Besides investments, the pension market also provides an attractive opportunity in South Korea. Aside from Japan, no Asian nation is aging as fast as South Korea. The government is committed to pension reform and many private pension schemes are being established. This will attract a great number of companies keen to enter this market, including insurers and asset managers. Contenders for market share will have to build sales forces with the credibility to sell these plans and they will need the right products. Armed with these attributes the companies need to position themselves as a retirement brand.
 

So what does the future hold for South Korean players? Part of the answer lies in the future sales of investment-linked products and the fast developing retirement market. If investment products were to fall out of favor, foreign insurers could be faced with a slowdown in sales, given the small proportion of traditional products in their current mix of offerings. This may not be fatal, however, since the life insurance business has been through these cycles many times before. The quality of the sales forces will determine the speed at which they can adapt to different equity market environments and switch to other more conservative products.
 
Will incumbents fight back or at least halt the erosion of market share with new products and distribution methods? They need to do something, having faced five years of erosion by newer players who, like themselves, are operating in a market that is showing a slower rate of growth. It is difficult to be bullish about the Big 3 incumbents. Slowed by decades of inertia and legacy issues, they have yet to aggressively launch fundamental reform programs to halt the slow decay of their market share. While they cannot be written off (it is probable that one or two out of the group will be successful in their transformation), as a group, they will continue to witness a decline in their traditional dominance of the industry. 

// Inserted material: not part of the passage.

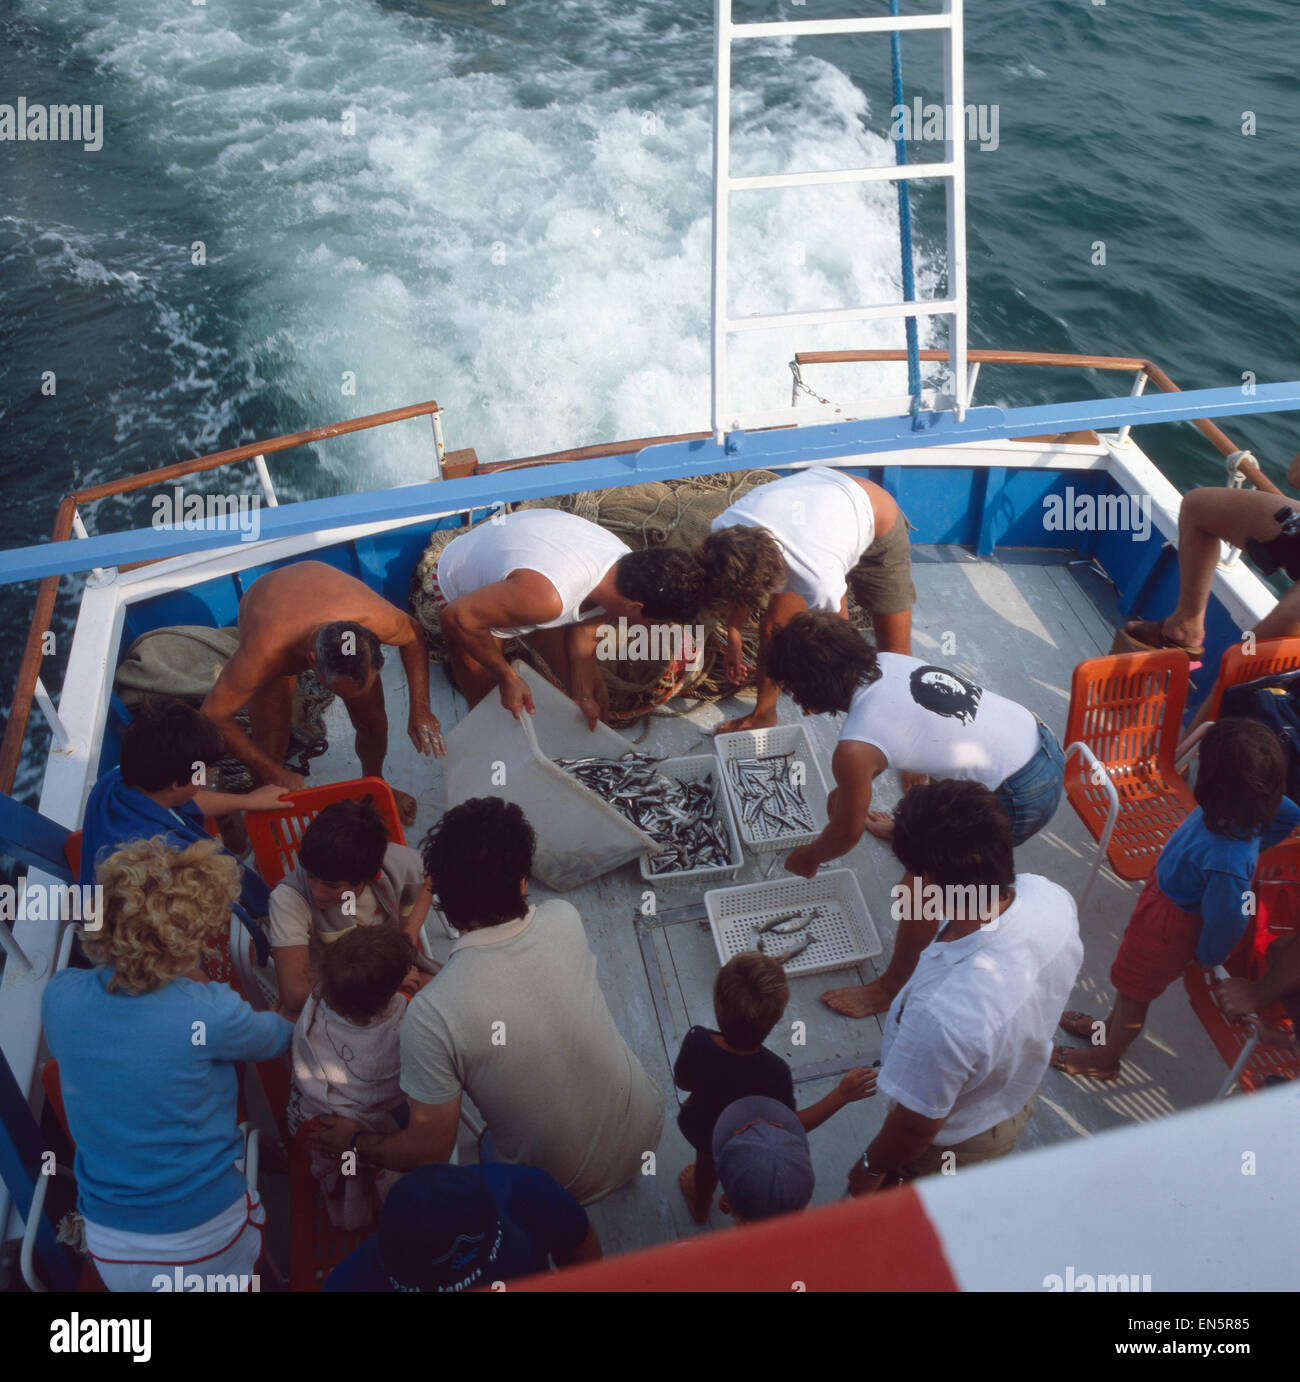 Auf Fischfang in der italienischen Adria, Italien 1970er Jahre. A fishing expedition in the Italian Adriatic Sea, Italy 1970s. Stock Photo

Overall though, the fundamental growth prospects in the South Korea market remain positive. It is estimated that premiums will expand by 5 percent annually until 2012. While the market is on a slightly slower growth trajectory than before, the prospects remain quite attractive for many of the attackers in the market. This is a market poised for drastic change - in 10 years, it will not be surprising at all to see the competitive landscape quite different from the one we see today. The winners will be those that can continue to best serve the increasingly sophisticated and aging customers. To find out more, you can check out Medical Insurance In South Korea.